如燕冷冷地瞧着这位三姑娘袁惜娘,眼神冰冷,一丝感情全无,“三姑娘,我们姑娘睡了,还请三姑娘回去吧,别吵着了我们姑娘。”
三姑娘袁惜娘吃疼,脸色都白了,眼里的忿恨便涌了上来,“你快放开我,贱婢!不然我告到老太太面前去,五妹妹也落不了好。”
如燕不由得又加重了一点儿力道,“我劝三姑娘还是回去吧,以免在老太太面前,三姑娘也跟着落不了好。”
这一说,到真让三姑娘袁惜娘怯步了,在老太太的眼里,她真不好说自己重要还是这位三叔家的五妹妹重要,反正近些日子来,老太太时时都顾着五妹妹呢,没怎么顾着她呢,好歹她才是嫡嫡亲亲的孙女。
三姑娘袁惜娘还是个能屈能伸的人,此时她洁白皓腕落在如燕手里,疼得她泪水涟涟,不得已之下她只得认了怂,“你放开我,我回去就是了,要是五妹妹醒来,就同她说我过来。”
她既然识趣走了,如燕也不是那种非揪着她不放的人,也就果断地松开手,让她带着粉青与杜鹃走了。

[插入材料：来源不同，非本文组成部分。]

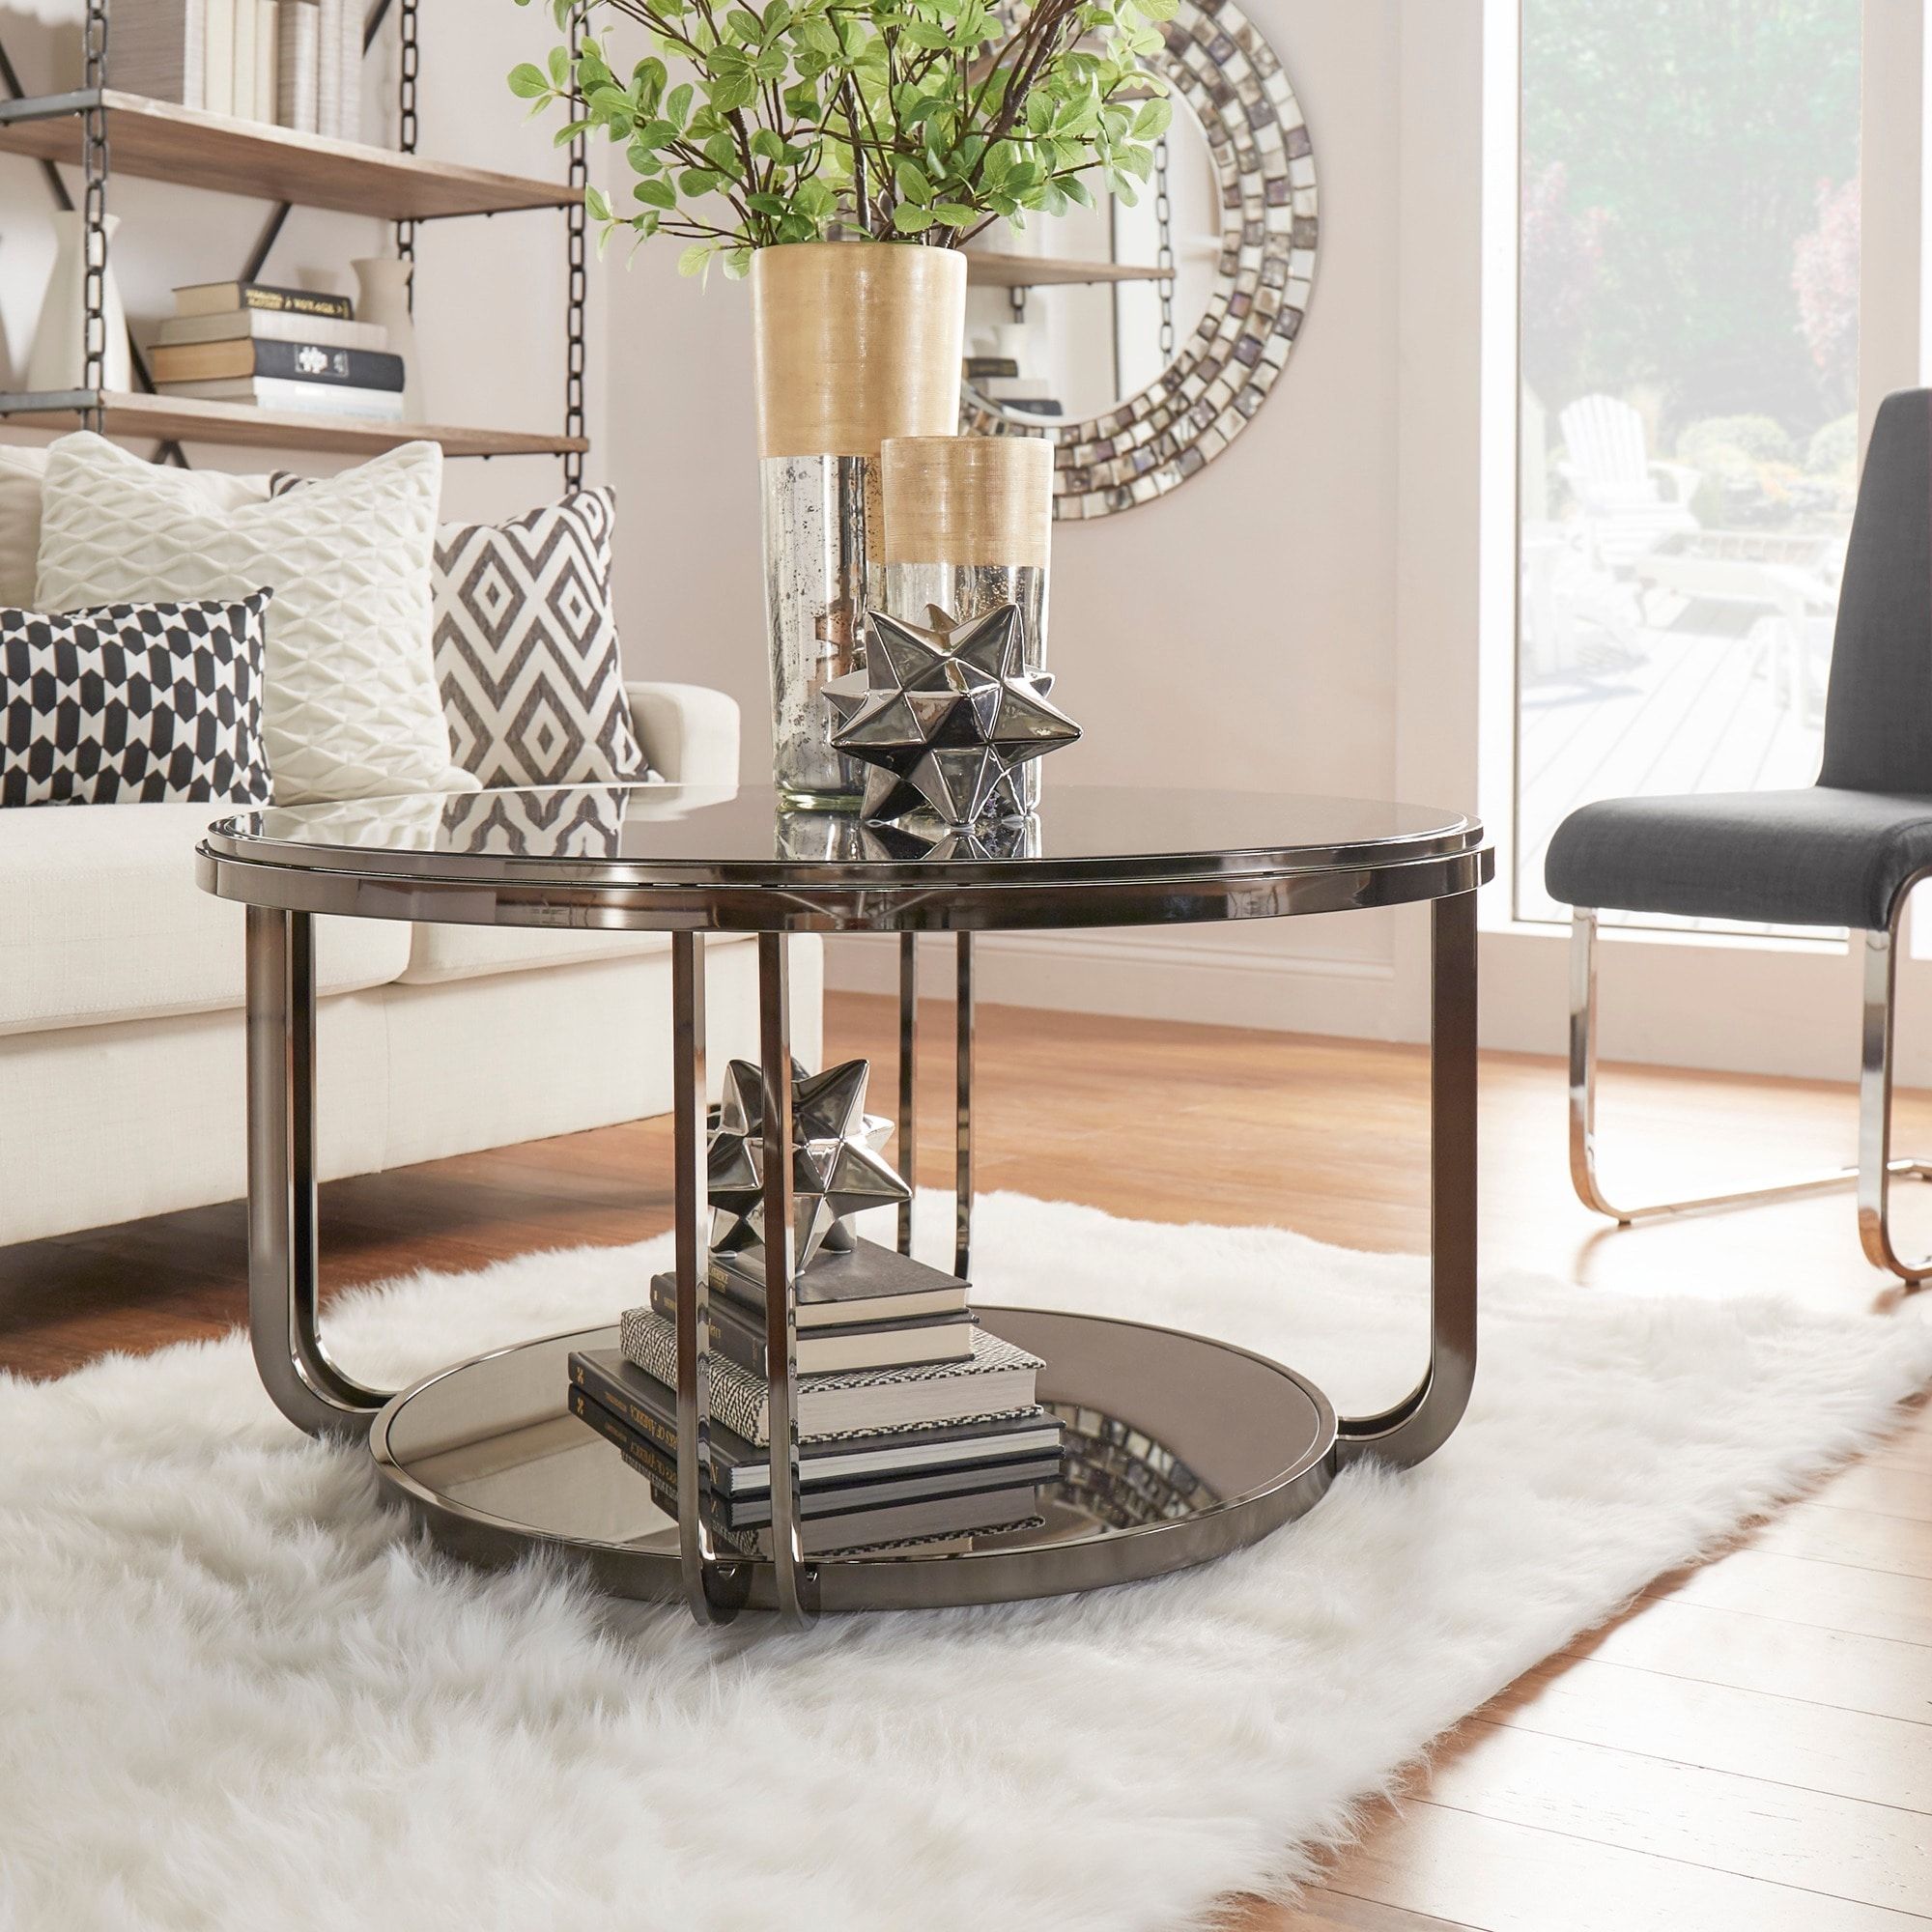 Shop Edison Black Nickel Plated Castered Modern Round Coffee Table Regarding Full Black Round Coffee Tables (Gallery 13 of 20)

待得三姑娘袁惜娘一行人一走,紫藤便松了口气,思及方才三姑娘还要扬手给她一记耳光,她就有点儿庆幸了,幸好是如燕能拦得住,“如燕姐姐,方才要不是你,三姑娘那手就要落在我脸上了。”
如燕此时一改冷面冷眼,温和了起来,“总不能叫你受了打,便是我们姑娘在,也是不能叫你受了打的。”
紫藤与她一道儿回了内室,见着自家姑娘靠在床头笑看着她们,不由得一抿嘴,“姑娘,这三姑娘也不知是何事,这今日里都来了两回了,像是有什么要紧的事儿呢。”
袁澄娘神情有些懒,并不想动弹,这天气跟着冷了些,她愈发的懒了,“便有什么有紧的事儿,我都不想听,无非是与二姐姐的矛盾,我才不想理呢,一点儿都不带劲。”
紫藤听着就一乐,“今日里齐三夫人可来过来,许是来告姑娘的状呢。”
袁澄娘自那日回得梧桐巷住了一日,便回了忠勇侯府,头一件事便是朝侯夫人请罪呢,她这么个乖觉,向来疼宠她的侯夫人可怎么舍得罚她,还不是轻轻地放过。她早就看穿了如今这侯夫人对她的态度都好着呢,自是不吝啬自己作死个几分,反正侯夫人不会罚她,如今儿,她可都是摸着侯夫人的底线行事呢。
她闻言,懒懒的打个呵欠,眼皮子都重了些,正是贪睡的年纪,“她爱说就说,我都不在意。如燕姐姐,那永宁伯府的季元娘可如何?”
事关她爹袁三爷的续娶,她一时也不知京中是否有合适的人选,只是更好的人选也得侯夫人点头应了才能成事,她爹是庶子,又有一子一女,如今又有没有功名在身,还是续弦,自然比先头成婚时要难些,她到是想找些别人家女子看看,可她一个小孩子,又如何有门路,只得找矮个子里面找高个儿。
这事儿,她也不能叫顾妈妈去办,只得将事交待给如燕。
如燕跟在她身边已经有三年,大抵是习惯了这种后宅日子,当下便回道:“回姑娘的话,瞧了几日,也没觉得着出来那季姑娘有何不妥,只是如今都已经十八岁,还未订亲呢。”
袁澄娘自是为这事发愁,寻常姑娘家十五岁都是成亲的了,哪里还能留得到十八岁还未嫁人,甚至都未订亲?她略沉吟了一下,朝如燕问道:“这中间可有什么蹊跷的事?”